Throwaway code isn't always wasteful
In a lean/agile environment, you avoid Big Design Up Front (BDUF) in favor of getting something small and simple to work first, then iterating as you learn more.
This approach means you end up revisiting decisions and assumptions made earlier, in light of new information. The downside of this is you might end up backtracking and throwing out some code as assumptions change. This can look wasteful–if you spent more time up front talking about requirements and design, couldn’t you get it right the first time?
The problem with this line of thinking is, lines of code written and later deleted aren’t the best indicator of efficiency. It’s time and cost–how quickly is value delivered with how much effort.
One challenge of BDUF is it presumes you know exactly what you want. Often you don’t really know until you have something concrete as a baseline. It may be more efficient to get something working first, even if it’s wrong, rather than to try to figure it all out on paper. Once you see something taking shape, you may get more clarity on how to define what you really do want. If you try to get everything perfect on paper first, there’s a good chance you’ll be wrong anyway, and it will take you longer to get to that point of clarity.

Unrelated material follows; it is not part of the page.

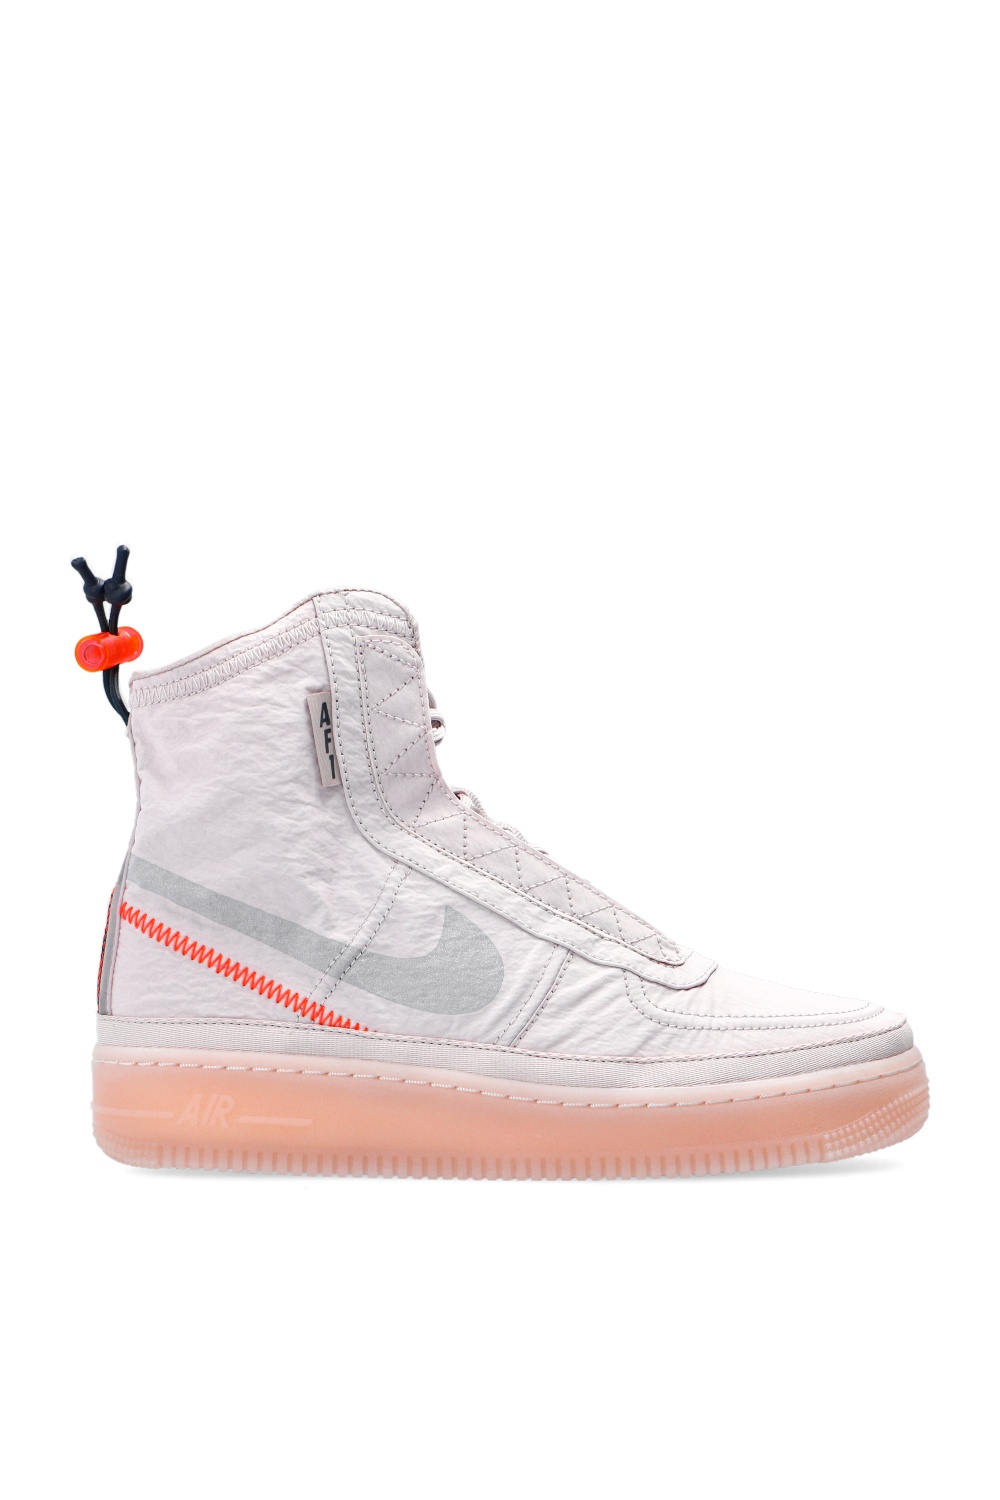 nike air force 1 shell sneaker boot
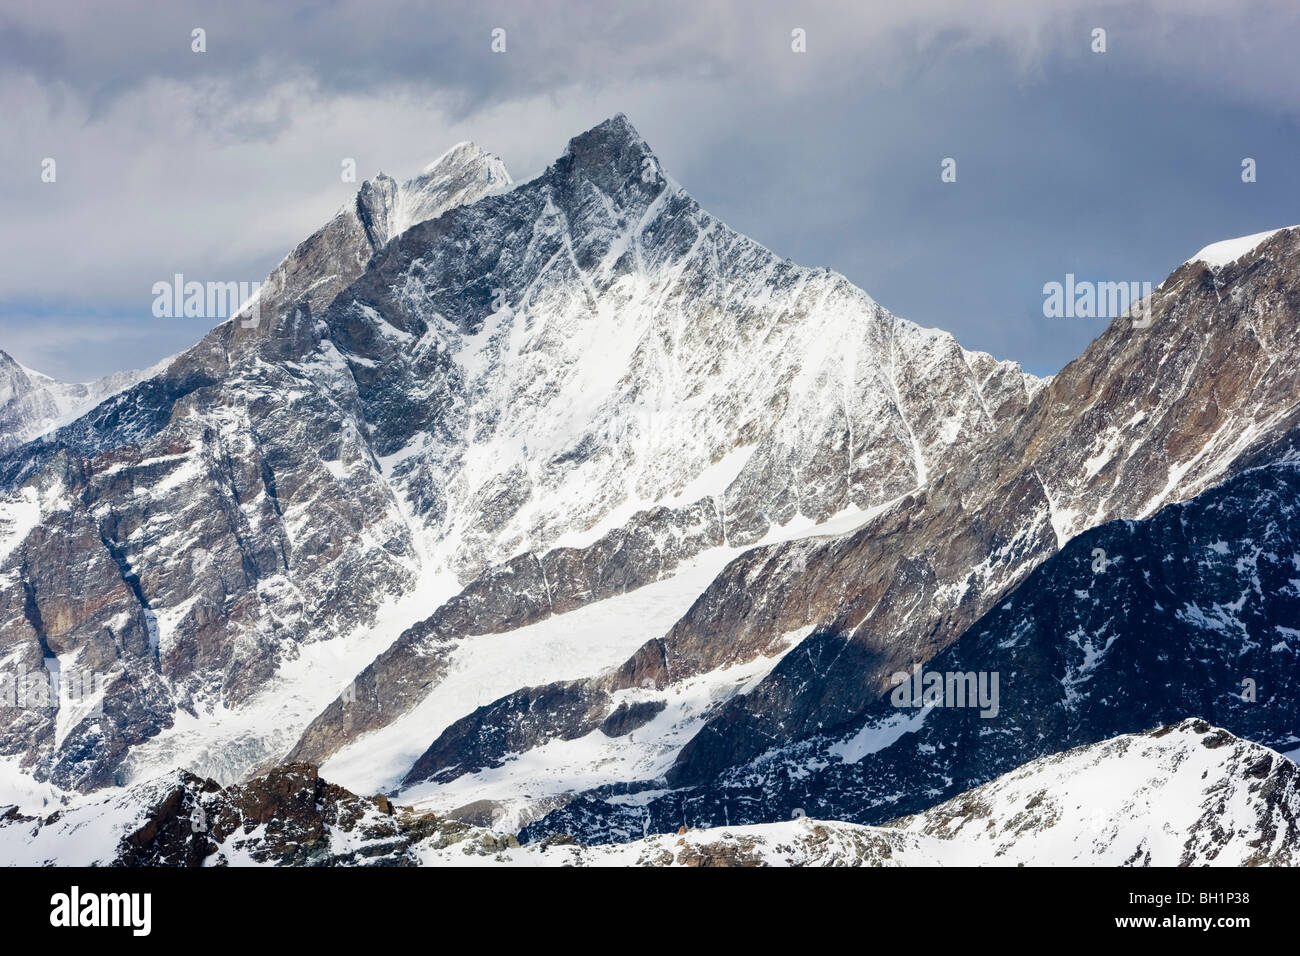 The four thousand meter peaks, Taeschhorn, front, and Dom of the Mischabelgroup, Wallis, Valais Alps, Switzerland Stock Photo

Another challege is edge cases. If you don’t define all your edge cases up front, you may have to rip up some of your code to account for them later. The other alternative, though, might result in more waste, in the form of edge cases that never happen in practice. Once I worked on a team that spent a significant amount of effort on edge cases that were purely hypothetical–if we had built the “happy path” first, we would have had a better idea of which edge cases were worth the effort.
Finally, there’s premature generalization. If you build something simple first, with limited scope, you might end up rewriting it later to refactor as more use cases are introduced. Throwing that first iteration out might actually be less wasteful than trying to account for the future use cases too soon, though. If you build in extra layers of abstraction to account for hypothetical future use cases, building your first use cases is harder. Later, you may realize that your actual use cases are different than the ones you anticipated, and you’re stuck with the maintenance costs of the extra layers of abstraction. I’ve learned this the hard way after building generic platforms that only got used in a single use case.
Of course, this all assumes a typical webapp context, where the cost of rework is lower than the cost of avoiding said rework, and iterating with real users is cheap and low-risk. In a different context, when lives are at stake and failure cases can be objectively defined (embedded software in a car to control acceleration/braking) you would need a different approach.